En el muy acertado y brillante proyecto del Área de Cultura del Ayuntamiento de Málaga de refrescar la memoria olvidada de los grandes personajes malagueños, o vinculados a nuestra ciudad, el caso de Mercedes Formica es especialmente significativo. Hace unos días se colocó una placa conmemorativa de la estancia de esta mujer en nuestra ciudad en la casa de sus amigos Benthem Gross. Hay que tener mucho cuidado con el tema de los homenajes, porque la cuestión no está en cumplir, como se decía antiguamente. Cada personaje requiere uno especial, con significado propio, según la obra, el ambiente, la forma de ser o el lugar que el homenajeado ocupaba en la sociedad. Los anfitriones de la casa habían preparado un sencillo refrigerio bajo los hermosos árboles en el jardín para todas las personas que habían acudido al mismo. Las cosas siempre se han hecho así en el Monte y hay que seguir haciéndolas de esa forma. Y si se quiere hacer las cosas bien, “comme il faut”, hay que hacer honor a ello y los que tengan que esperar en otro lugar, que esperen. Porque no se puede estar a la vez en diferentes sitios. Creo que me explico bien y de forma inteligible.

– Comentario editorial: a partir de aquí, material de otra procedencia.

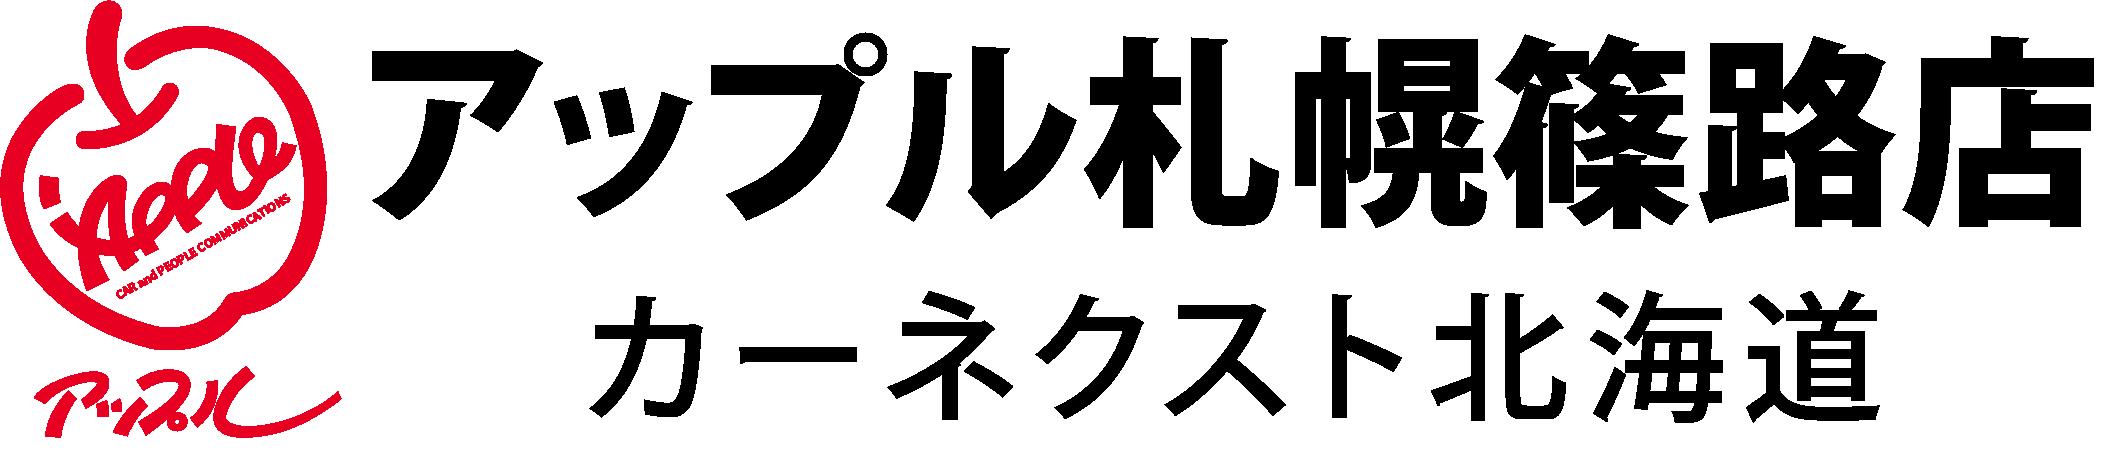 篠路店 ロゴ

Mercedes Formica fue tan desdichada en la vida, como lo está siendo en la muerte. Después de un fugaz paso por Falange, que creo recordar que duró escasamente seis meses, quiso ser diplomática y no pudo por ser mujer. También quiso ser abogada del estado y tampoco pudo serlo por ser mujer. Se dedicó al ejercicio de la abogacía y, tras una larga lucha en la que tuvo el apoyo total de eminentes juristas de la época, de ABC, de publicación de artículos, de la revista Life, de periodistas españoles, europeos y norteamericanos, de conseguir incluso una entrevista personal con Franco, logró que se modificaran sesenta y seis artículos del Código Civil, que suponían el cambio más radical en el estatus político y civil de la mujer en España hasta la reforma de 1981. Se sustituyó el concepto de “casa del marido “por “hogar conyugal”, lo que suponía la posibilidad de quedarse con la casa en caso de separación. Desapareció el humillante concepto de “depósito de la mujer” en casa de sus padres, o en un convento en caso de separación. Se terminó el poder absoluto del marido para enajenar los bienes matrimoniales con su sola firma. Y las mujeres que contrajeran nuevo matrimonio, tras un largo proceso de nulidad, mantendrían la patria potestad en caso de nuevo matrimonio. Esto hoy puede parecer increíble, pero esa era la realidad de un hogar español en aquel tiempo. Y Mercedes Formica consiguió todo ello en pleno apogeo del franquismo, no hoy en día en la cómoda y muelle existencia de un ministerio absurdo. El problema de esta mujer libre es simplemente ese, ser libre. Ser libre no se acepta en España. Ni entonces, ni ahora. Porque aquí no hay más que blanco o negro. O con los míos, o contra mí. Y resulta que ella no es “una de las nuestras”, ni para unos, ni para otros.
La visión de Mercedes Formica caminando por el Monte de Sancha con Chica Gross, o en el jardín de Villa Suecia con Luli Gimenez – Reyna, o tomando café en el bar Flor con su hermana Margarita forma parte de la memoria colectiva de la Caleta. La memoria de lo visto y vivido que es difícilmente negable.